Have you ever tried to perform a structural search on web pages? A search that takes into consideration not only the text of a page but its HTML structure.
Let’s say you want to find out what meta keywords your competitors are using. The first thing you need to do is get access to the source code of each web page in your competitors site. Next, you will probably write some sort of regular expression to identify the strings you are looking for. Then you have to collect all the occurrences of those strings and put them in a spreadsheet and then analyze them. It sounds like a pretty time consuming activity to me.
This is when Online Smart Search comes into play. You just need to input an URL, a search pattern and we’ll find and tabulate all the occurrences for you.
Online Smart Search will crawl the site starting at the URL (it crawls all pages “below” the starting directory you write in the URL) and apply the search pattern to each page. If the page contains more than one occurrence of the pattern all will be collected. You can analyze the data immediately or you can export it to an XML file that can be easily read using excel.
The magic sauce is in the search pattern language. Online Smart Search uses the same Search language (which is way simpler and way more powerful than a regular expression) than our desktop line of web optimization tools Smart Search and Replace feature. Please read the full Search L anguage Specification. The Online Search not only parses all of the HTML / XHTML code, it also structurally fixes it before it starts searching. This will ensure the best results with minimal effort even on structurally incorrect pages.
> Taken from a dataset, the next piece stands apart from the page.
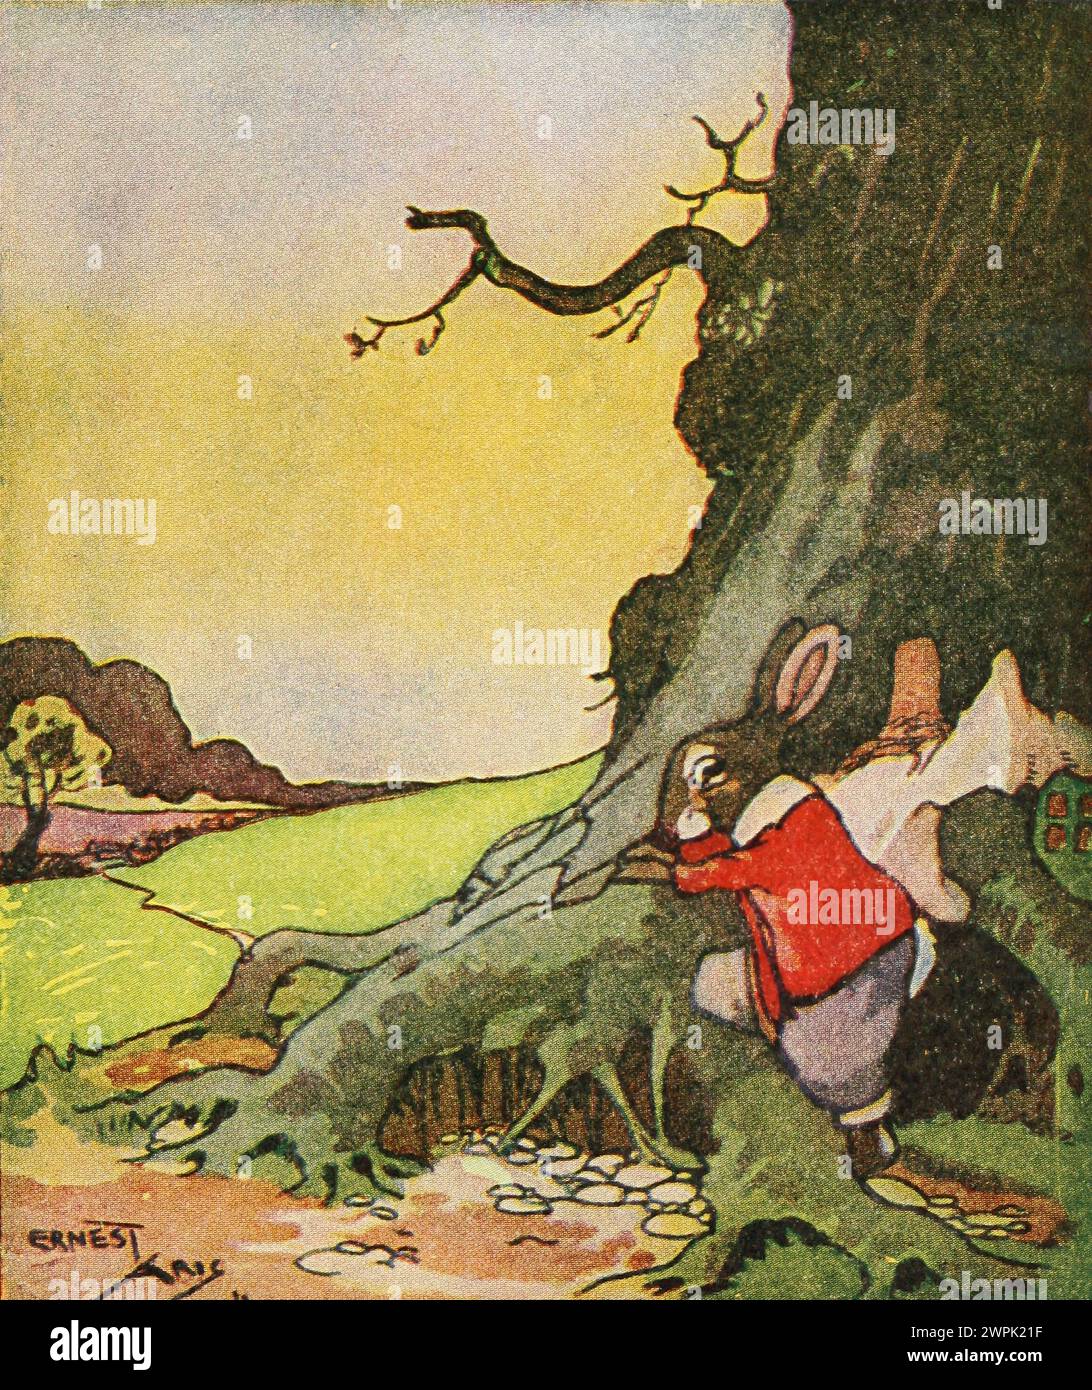 Peter Rabbit und seine Mutter von Louise A Field, illustriert von Virginia Albert; basierend auf Beatrix Potter-Charakteren läuft Peter Rabbit wegen der strengen Regeln seiner Mutter weg, kommt aber nicht sehr weit, weil er im Kreis reist. Stockfoto

Let’s look at a few search examples:
Find all the meta keywords my competitors are using: <meta name=”keywords” content=”$KeyWords” />
Find all the meta tags and their value on a page: <meta name=”$metaName” content=”$content” />
Find all the anchor text for a given page: <a>$anchortext</a>
Find all the anchor text and the corresponding href: <a href=”$href”> $anchortext</a>
Find all the links in a page: <a/>
Get all the h1 text for a site: <h1>$h1text</h1>
Get all the text that is marked as bold: <b>$boldtext</b>
I am sure you’ll be very creative. Let us know which searches do you find most useful.
Now, where do I find this new functionality? It is a new option for our Online Web Optimization tool. Remember we are still in Beta but I am sure you will find it very useful.
In the following screenshots you can see the input interface. Select the URL, input the Search Pattern and click “Search”
The results will look like the following example. You just need to navigate the tree structure to analyze the details.
If you want to export the results, they will be formatted as XML:
which can be directly imported by Excel where you can add further processing:
In summary, the Smart Search feature is a Find that understands markup. This feature lets you run searches on HTML code patterns within the page or across multiple pages in a site. Just provide the URL and the Search Pattern. You will be surprised by the usefulness of the results.